A while ago I saw a truly, terrible rant by a blogger on WordPress who was outraged that people were liking their posts without actually reading them. They had a list of reasons to justify how they knew people were doing this.  They also had a long list of grievances against subscribers who treated their posts so shoddily.

So, here I am to say that I am guilty of this heinous offence. 

I sometimes struggle to get onto WordPress. When I do feel well enough and I see how many posts I have missed, I feel overwhelmed.
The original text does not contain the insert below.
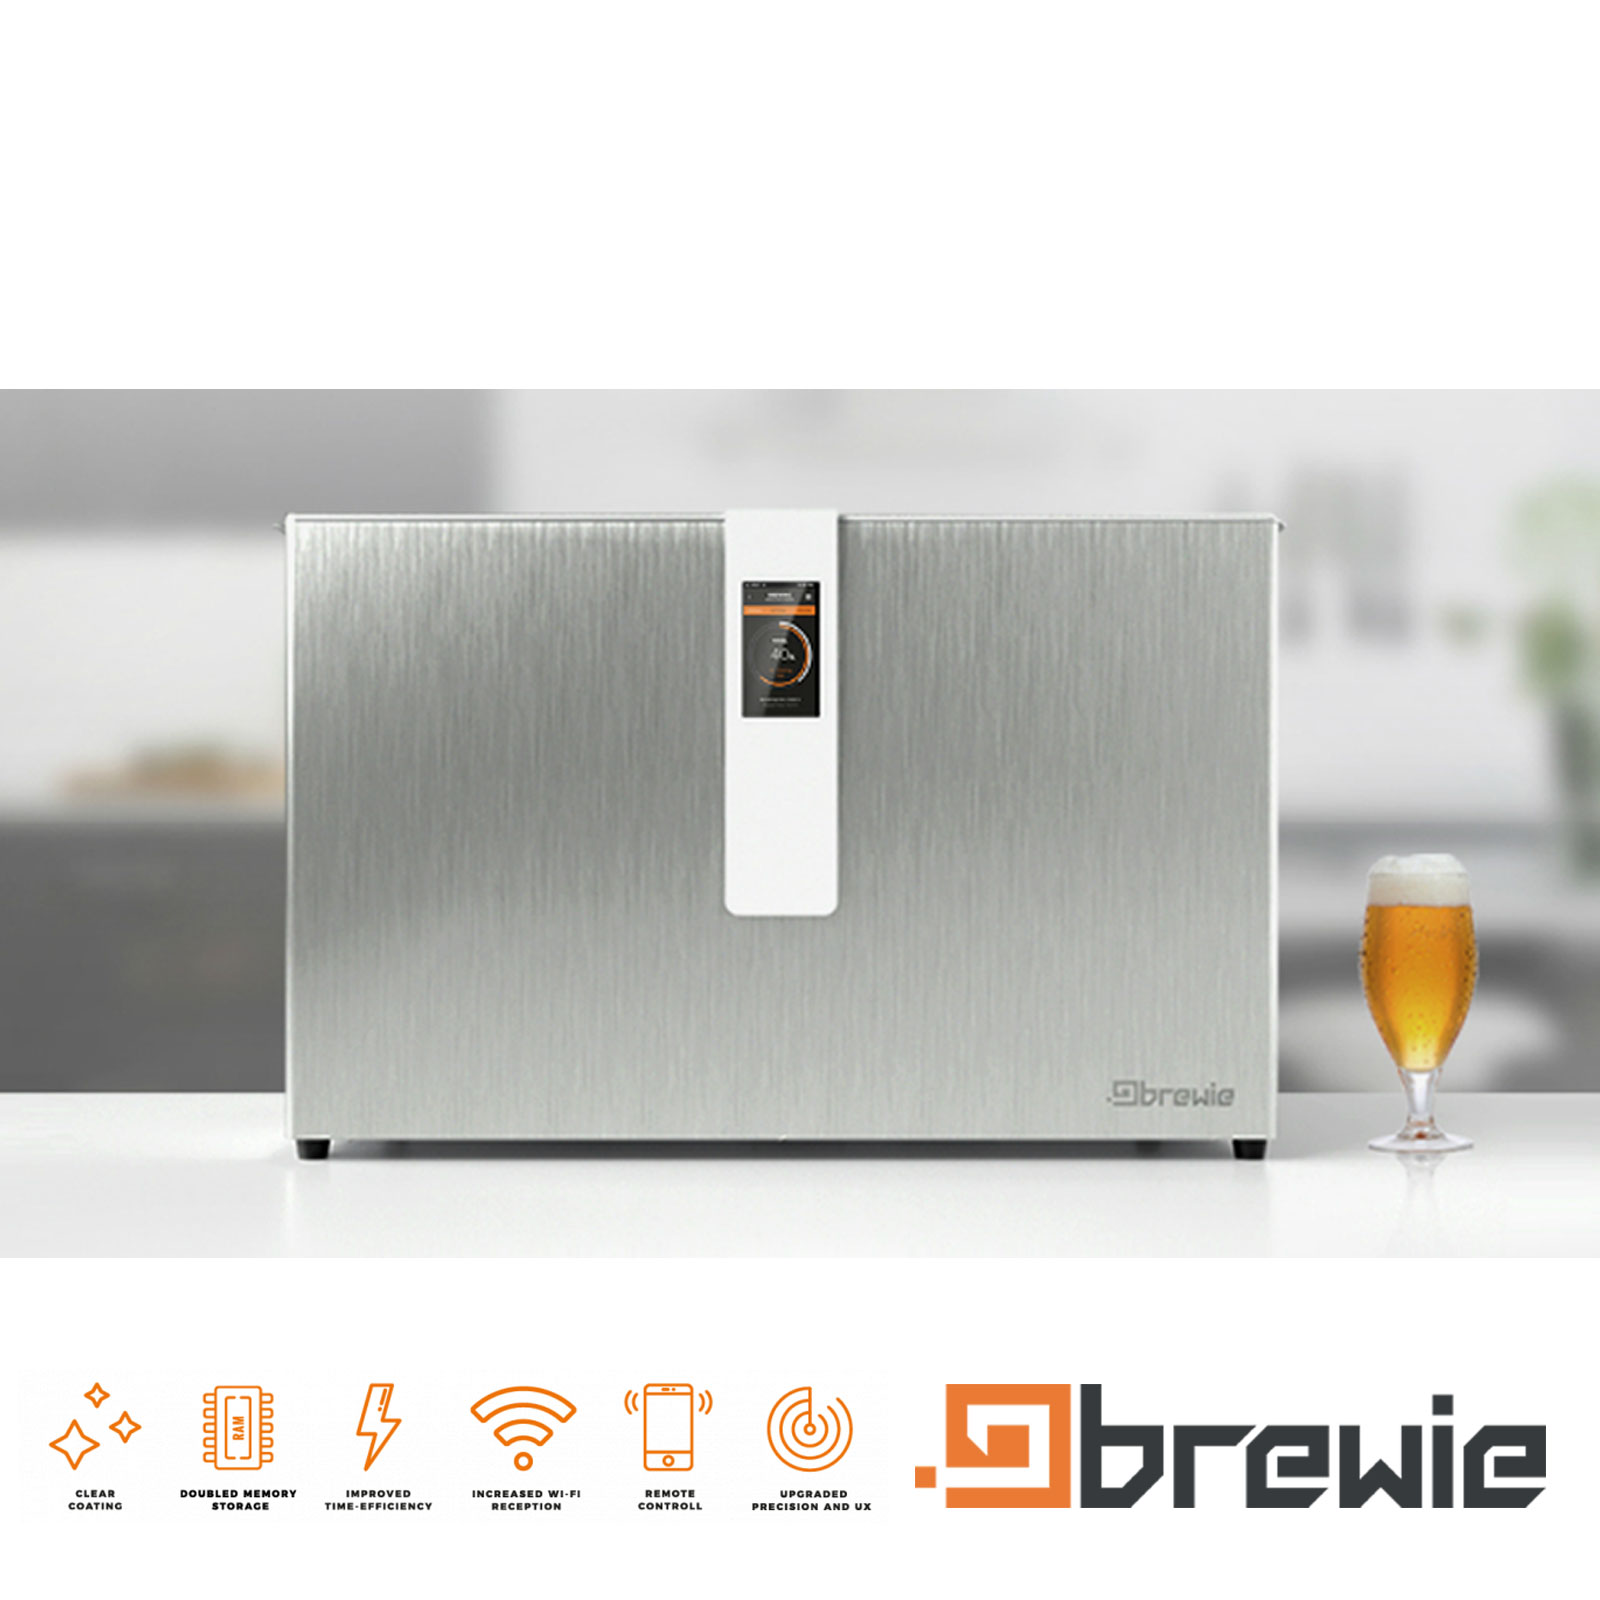 Impianto Brewie + All in one LAST VERSION

I try to click into each post using the WP Reader, to at least get a sense of the publisher’s aim, or to look at the pictures, but frequently find even that too much for me. 

Quite apart from the fact I have a grand-sized excuse for my lethargy, (for those who don’t know, I have a degenerative condition called Ehlers Danlos Syndrome), I don’t understand why anyone would be upset at getting acknowledgement for their post, even if cursory.

I am very fond of the people who write the blogs I follow and want them to know I haven’t disappeared into the ether. A quick click on the like button lets them know I am still interested and still trying to stay in the loop. A quick check-in also helps to maintain my passion for publishing my own posts, when I am back to being able to sit up long enough to write them.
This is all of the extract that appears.